3.5 Those of mankind that are predestinated unto life, God, before the foundation of the world was laid, according to His eternal and immutable purpose, and the secret counsel and good pleasure of His will, hath chosen, in Christ, unto everlasting glory,1 out of His mere free grace and love, without any foresight of faith, or good works, or perseverance in either of them, or any other thing in the creature, as conditions, or causes moving Him thereunto:2 and all to the praise of His glorious grace.3

1 Eph 1:4, 9, 11; Rom 8:30; 2 Tim 1:9; 1 Th 5:9; 2 Rom 9:11, 13, 16; Eph 1:4,9; 3 Eph 1:6, 12.

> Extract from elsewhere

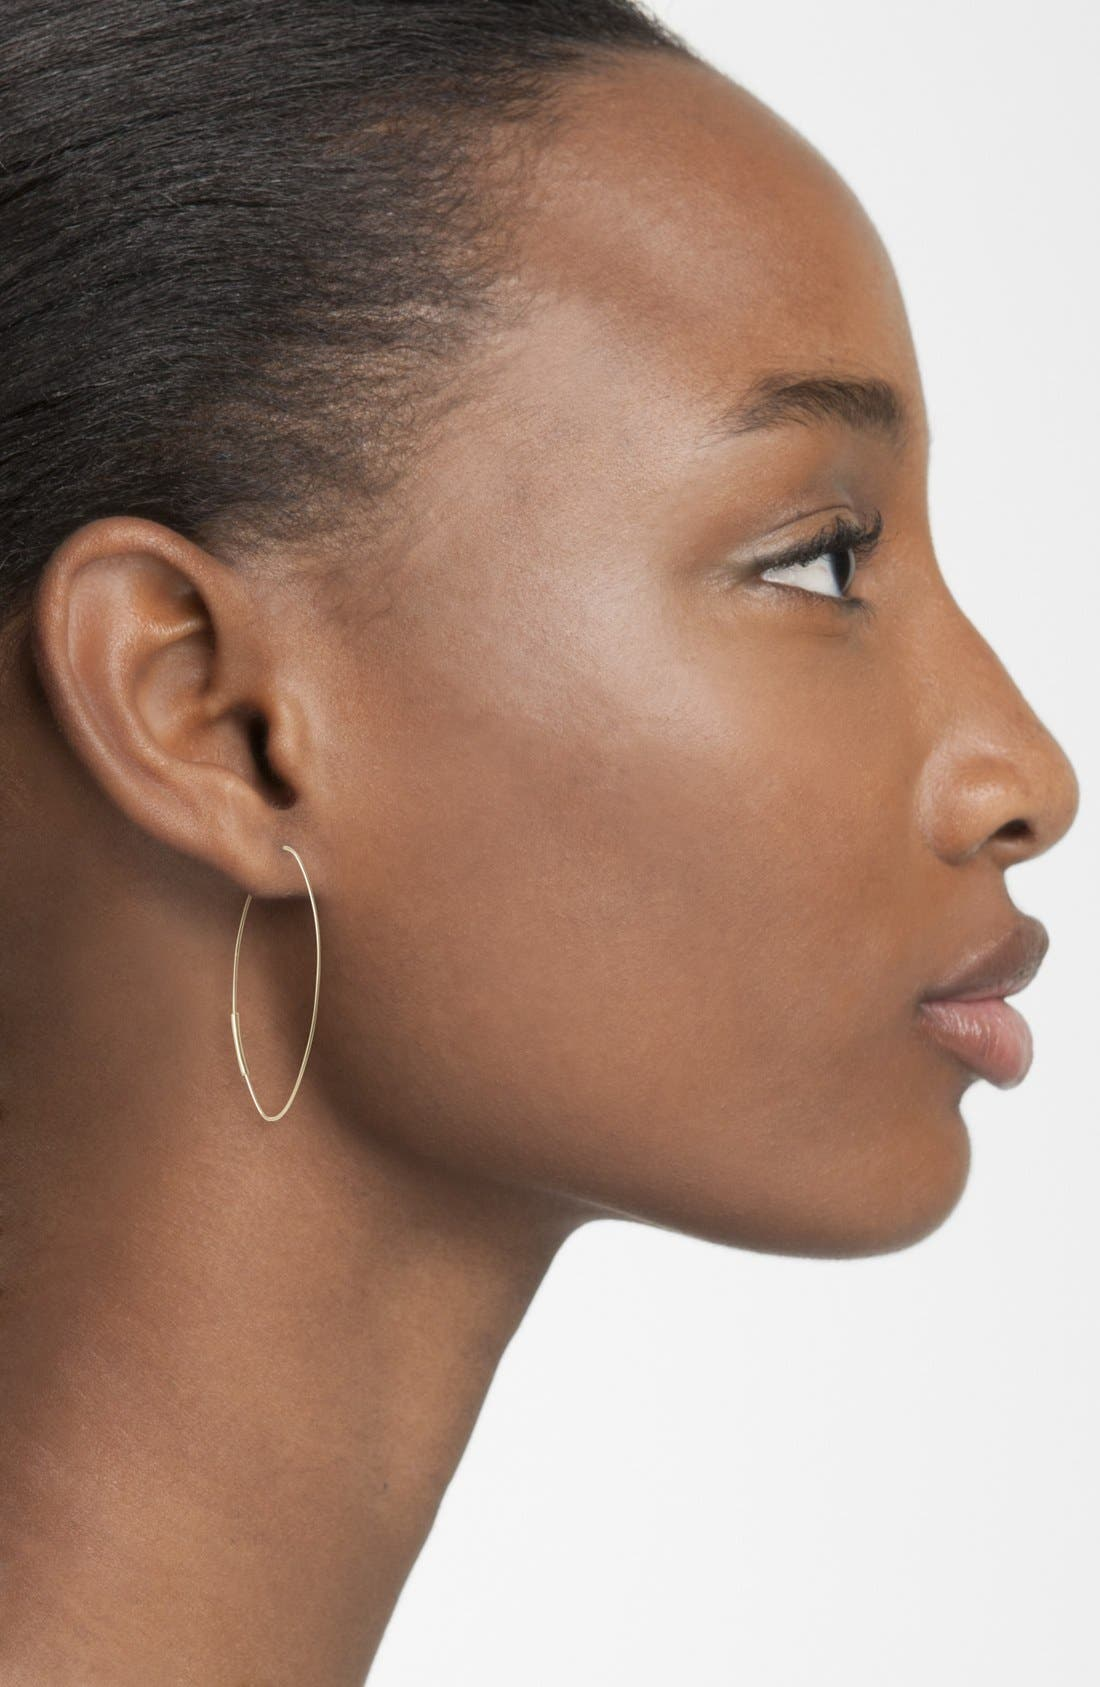 Alternate Image 2  - Lana Jewelry 'Magic' Small Oval Hoop Earrings

In the 4th century, a serious controversy concerning the doctrine of salvation erupted between the Church Father, Augustine of Hippo and a British monk by the name of Pelagius. Pelagius did not believe in Original Sin. He insisted that all man can by their own efforts, come to salvation. Accordingly Pelagius denied the doctrine of God’s sovereign grace and predestination, which Augustine affirmed. In AD 418, under Augustine’s leadership, Pelagius was declared a heretic by the Council of Carthage. Pelagius died not too long after that. But his heresy would live on especially in a modified form known as semi-Pelagianism. Semi-Pelagians believed that God’s grace is necessary for salvation, but man must still exercise his freewill in co-operation with God. This eventually became the doctrine of the Roman Catholic Church. It took the Protestant Reformation in the 16th century under Luther and later Calvin to turn God’s people back to the biblical position of Augustine.

But sometime after the Reformation, Semi-Pelagianism again reared its ugly head. This time it was through the teaching of James Arminius, and so became known as Arminianism. Amongst other things, Arminianism teaches that God chose the elect on account of His foreknowledge that they would believe in Christ, do good works and persevere in their faith. Arminianism was condemned as a heresy by the Synod of Dort in 1618, almost exactly twelve hundred years after the Council of Carthage.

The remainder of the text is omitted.